A Novel Method of Measuring Spin Polarization of Noble-Gas Atoms in Nuclear Magnetic Resonance Gyroscopes

We propose a precise and efficient method for measuring the ¹²⁹Xe polarization that is applicable to weak magnetic field, low-pressure, and low-temperature scenarios where van der Waals forces are dominant in the spin-exchange collisions of noble-gas and alkali-metal atoms based on the magnetometer in a nuclear magnetic resonance (NMR) gyroscope system.
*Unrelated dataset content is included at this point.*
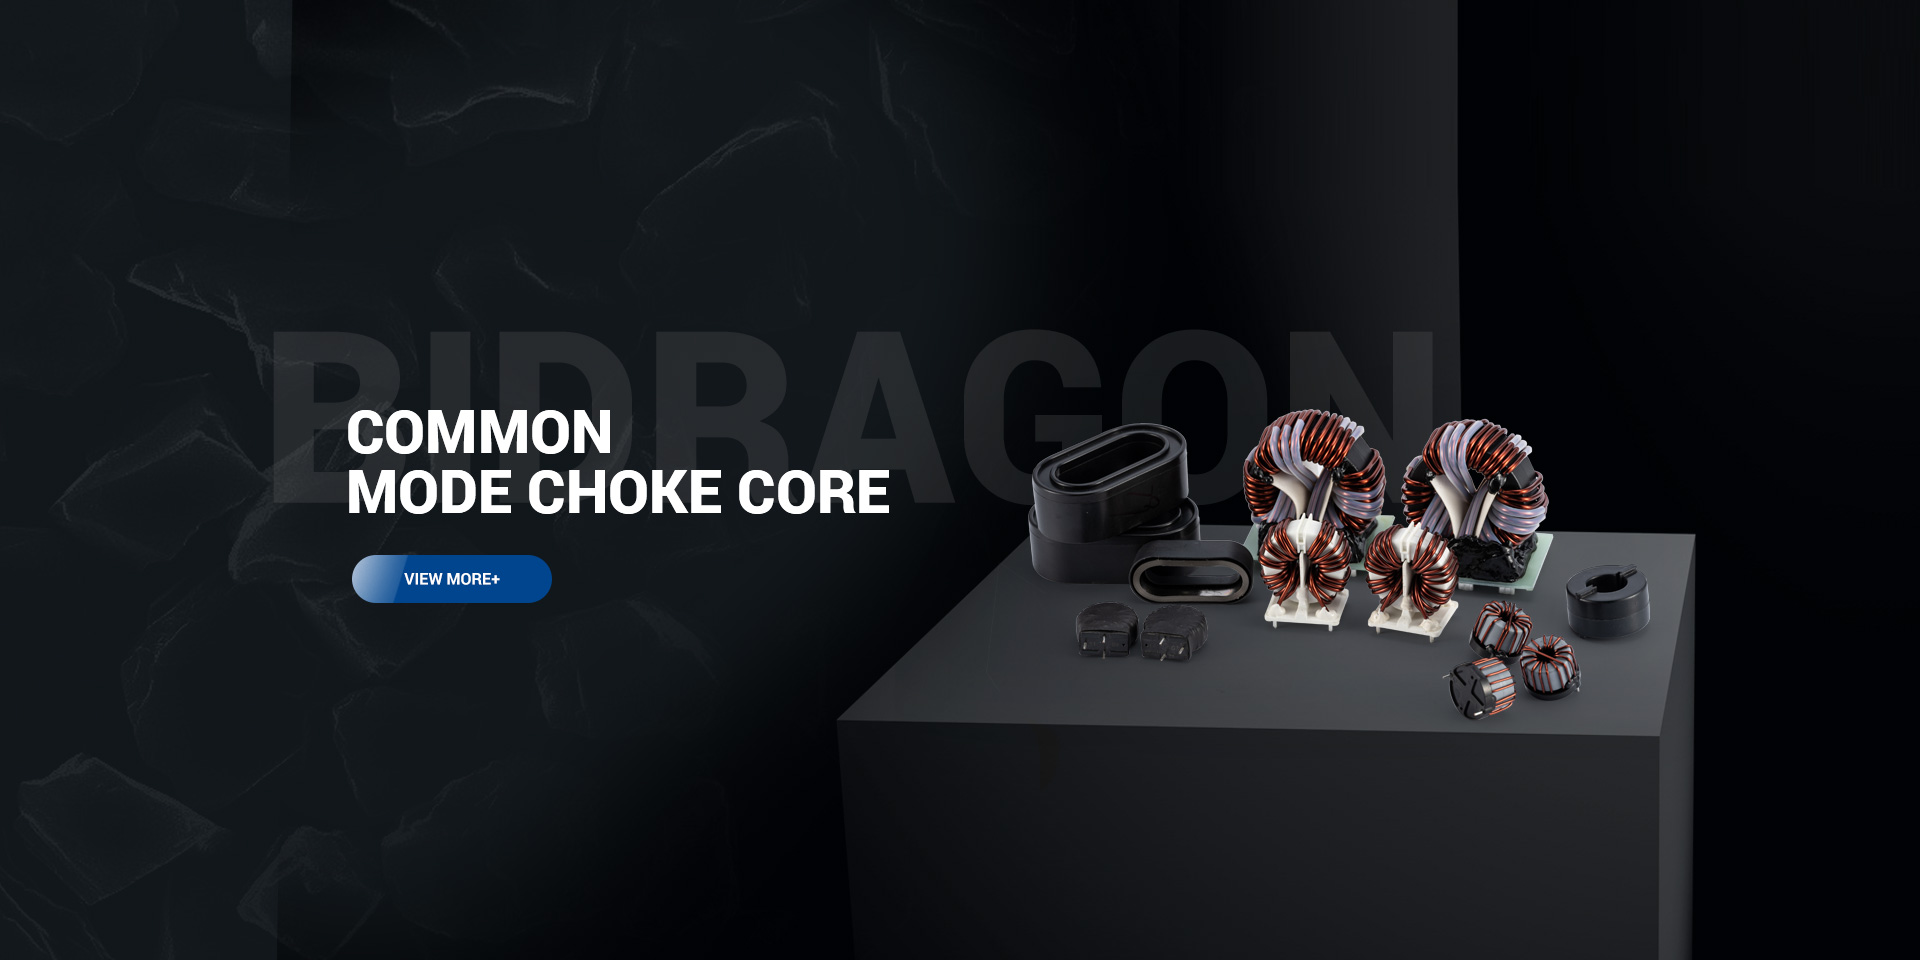 Common Mode Choke Core

We also developed an optimized method for measuring the ¹²⁹Xe relaxation over a wide temperature range, which reverses the direction of the main magnetic field to flip the quantization axis and fits the free induction decay (FID) signals for obtaining the transversal and longitudinal relaxation times T₂ and T₁ of ¹²⁹Xe simultaneously. Using this accurate and stable method, the dependence of the ¹²⁹Xe relaxation on the cell temperature and the optical pumping rate is studied efficiently, and the depolarization relaxation rate Γ_n is measured. Thus, the ¹²⁹Xe polarization P_n is derived from the measured T₁ and Γ_n , with an error of 6%. This method is meaningful in quick tests and diagnosis online, which helps improve the sensitivity of the NMR gyroscope system.